## Required work
Which lines of the data below hold "System"? Copy each of them.

## Working data
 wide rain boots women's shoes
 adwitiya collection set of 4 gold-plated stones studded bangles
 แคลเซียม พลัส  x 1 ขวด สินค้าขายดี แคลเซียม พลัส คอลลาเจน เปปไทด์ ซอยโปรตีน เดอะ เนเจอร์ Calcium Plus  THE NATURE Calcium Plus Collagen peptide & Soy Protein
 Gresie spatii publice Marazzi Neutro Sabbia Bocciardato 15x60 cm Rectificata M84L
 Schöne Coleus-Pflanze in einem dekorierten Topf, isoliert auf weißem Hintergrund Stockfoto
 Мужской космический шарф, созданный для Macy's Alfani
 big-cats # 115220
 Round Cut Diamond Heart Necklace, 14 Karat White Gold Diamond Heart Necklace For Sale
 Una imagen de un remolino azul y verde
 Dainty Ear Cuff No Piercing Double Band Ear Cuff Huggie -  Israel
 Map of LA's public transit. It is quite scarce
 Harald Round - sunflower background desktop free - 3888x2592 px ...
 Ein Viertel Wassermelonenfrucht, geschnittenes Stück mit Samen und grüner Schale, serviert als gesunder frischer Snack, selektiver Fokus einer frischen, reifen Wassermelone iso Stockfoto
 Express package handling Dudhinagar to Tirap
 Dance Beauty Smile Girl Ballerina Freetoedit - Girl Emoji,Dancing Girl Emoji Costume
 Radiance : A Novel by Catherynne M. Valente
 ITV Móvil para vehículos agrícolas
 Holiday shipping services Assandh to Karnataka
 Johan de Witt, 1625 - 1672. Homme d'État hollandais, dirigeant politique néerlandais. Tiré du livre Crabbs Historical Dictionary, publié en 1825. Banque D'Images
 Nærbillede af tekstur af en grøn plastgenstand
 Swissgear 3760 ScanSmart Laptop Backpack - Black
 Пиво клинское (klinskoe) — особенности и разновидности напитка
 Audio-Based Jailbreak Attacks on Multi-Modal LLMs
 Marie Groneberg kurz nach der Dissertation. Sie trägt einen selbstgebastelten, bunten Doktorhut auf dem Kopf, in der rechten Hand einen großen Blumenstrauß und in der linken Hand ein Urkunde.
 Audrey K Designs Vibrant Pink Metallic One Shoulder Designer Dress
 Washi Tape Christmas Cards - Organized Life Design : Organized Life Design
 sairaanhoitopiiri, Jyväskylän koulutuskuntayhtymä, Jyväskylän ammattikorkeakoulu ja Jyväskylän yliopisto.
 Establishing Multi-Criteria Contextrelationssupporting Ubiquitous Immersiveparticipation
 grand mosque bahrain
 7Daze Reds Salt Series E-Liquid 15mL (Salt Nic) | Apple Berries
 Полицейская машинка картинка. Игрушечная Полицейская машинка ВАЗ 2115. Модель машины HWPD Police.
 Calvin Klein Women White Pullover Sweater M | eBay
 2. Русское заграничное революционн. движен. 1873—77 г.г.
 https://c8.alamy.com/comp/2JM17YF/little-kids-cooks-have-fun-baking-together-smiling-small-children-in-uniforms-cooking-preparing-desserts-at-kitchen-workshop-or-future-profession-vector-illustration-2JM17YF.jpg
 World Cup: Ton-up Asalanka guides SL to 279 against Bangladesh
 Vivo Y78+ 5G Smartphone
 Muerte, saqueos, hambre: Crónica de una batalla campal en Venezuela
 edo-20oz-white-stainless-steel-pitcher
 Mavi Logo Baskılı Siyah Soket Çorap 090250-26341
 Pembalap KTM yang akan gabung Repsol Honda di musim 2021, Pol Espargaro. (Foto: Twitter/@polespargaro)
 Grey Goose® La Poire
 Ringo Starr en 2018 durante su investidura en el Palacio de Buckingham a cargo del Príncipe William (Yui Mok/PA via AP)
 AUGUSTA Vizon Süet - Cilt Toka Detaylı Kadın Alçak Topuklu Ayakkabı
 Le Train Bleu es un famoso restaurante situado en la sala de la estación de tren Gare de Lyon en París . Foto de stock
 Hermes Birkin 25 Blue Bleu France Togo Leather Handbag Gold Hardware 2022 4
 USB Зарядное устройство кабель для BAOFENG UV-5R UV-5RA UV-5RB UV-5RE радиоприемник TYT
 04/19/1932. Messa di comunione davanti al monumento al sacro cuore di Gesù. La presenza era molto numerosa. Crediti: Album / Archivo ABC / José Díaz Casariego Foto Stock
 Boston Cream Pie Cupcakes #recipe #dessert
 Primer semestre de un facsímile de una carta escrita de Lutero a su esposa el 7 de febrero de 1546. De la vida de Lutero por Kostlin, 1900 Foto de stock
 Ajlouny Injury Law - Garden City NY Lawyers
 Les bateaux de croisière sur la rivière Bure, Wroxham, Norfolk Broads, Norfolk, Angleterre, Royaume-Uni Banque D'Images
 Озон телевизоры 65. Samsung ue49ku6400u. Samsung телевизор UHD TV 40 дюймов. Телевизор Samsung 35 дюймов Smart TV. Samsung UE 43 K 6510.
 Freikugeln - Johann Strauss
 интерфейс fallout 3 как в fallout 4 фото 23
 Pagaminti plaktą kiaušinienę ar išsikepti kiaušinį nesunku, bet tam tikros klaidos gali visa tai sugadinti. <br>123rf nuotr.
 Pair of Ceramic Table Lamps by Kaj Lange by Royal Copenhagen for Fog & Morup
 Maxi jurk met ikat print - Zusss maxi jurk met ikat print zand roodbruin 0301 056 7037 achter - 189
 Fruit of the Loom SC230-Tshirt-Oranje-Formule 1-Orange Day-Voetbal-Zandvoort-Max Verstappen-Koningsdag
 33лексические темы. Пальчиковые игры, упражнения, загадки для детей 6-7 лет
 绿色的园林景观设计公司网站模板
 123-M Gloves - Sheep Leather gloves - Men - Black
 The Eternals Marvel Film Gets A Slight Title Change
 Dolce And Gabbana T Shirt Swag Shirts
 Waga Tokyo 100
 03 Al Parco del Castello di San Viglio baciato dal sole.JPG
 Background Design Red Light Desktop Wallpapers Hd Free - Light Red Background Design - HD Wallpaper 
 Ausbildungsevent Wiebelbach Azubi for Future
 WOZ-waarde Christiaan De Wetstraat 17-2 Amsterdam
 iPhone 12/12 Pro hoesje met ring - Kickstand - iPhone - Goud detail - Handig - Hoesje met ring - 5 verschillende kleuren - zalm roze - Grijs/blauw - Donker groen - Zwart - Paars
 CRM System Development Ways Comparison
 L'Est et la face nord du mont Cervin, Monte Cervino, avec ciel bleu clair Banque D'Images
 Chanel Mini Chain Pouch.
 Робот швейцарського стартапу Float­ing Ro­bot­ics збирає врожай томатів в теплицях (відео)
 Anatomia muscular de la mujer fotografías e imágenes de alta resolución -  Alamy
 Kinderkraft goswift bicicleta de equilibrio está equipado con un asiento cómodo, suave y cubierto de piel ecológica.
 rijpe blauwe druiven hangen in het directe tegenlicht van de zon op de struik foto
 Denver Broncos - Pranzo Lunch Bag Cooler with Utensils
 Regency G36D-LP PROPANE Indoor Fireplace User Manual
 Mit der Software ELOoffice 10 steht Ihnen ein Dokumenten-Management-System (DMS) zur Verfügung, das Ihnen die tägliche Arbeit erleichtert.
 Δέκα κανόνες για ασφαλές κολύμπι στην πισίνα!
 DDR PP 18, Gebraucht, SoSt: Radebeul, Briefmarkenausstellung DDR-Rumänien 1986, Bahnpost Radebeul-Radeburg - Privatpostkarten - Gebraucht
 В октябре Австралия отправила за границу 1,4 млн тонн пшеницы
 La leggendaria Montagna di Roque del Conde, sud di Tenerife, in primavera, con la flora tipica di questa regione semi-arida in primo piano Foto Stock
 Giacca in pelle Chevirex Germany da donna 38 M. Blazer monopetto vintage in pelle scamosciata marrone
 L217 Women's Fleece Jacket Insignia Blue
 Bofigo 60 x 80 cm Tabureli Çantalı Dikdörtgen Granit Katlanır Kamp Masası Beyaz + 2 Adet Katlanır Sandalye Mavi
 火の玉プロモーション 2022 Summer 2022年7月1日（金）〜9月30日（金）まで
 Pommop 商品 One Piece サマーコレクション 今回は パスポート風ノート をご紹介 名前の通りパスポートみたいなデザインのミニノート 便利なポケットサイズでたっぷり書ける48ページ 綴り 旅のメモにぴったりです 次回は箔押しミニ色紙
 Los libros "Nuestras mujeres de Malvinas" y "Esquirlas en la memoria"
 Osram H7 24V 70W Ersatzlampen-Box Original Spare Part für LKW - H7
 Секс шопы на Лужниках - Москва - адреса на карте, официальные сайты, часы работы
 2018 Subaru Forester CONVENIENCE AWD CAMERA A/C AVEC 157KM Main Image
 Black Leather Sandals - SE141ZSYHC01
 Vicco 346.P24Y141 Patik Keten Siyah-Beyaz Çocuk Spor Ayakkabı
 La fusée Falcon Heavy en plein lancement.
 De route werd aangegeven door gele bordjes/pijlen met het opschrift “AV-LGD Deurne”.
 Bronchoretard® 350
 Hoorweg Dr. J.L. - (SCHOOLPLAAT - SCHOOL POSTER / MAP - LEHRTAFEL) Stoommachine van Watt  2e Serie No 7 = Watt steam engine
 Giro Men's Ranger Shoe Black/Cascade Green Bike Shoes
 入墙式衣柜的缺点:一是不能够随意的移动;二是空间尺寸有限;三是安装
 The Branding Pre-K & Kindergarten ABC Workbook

## Task output
 CRM System Development Ways Comparison
 Mit der Software ELOoffice 10 steht Ihnen ein Dokumenten-Management-System (DMS) zur Verfügung, das Ihnen die tägliche Arbeit erleichtert.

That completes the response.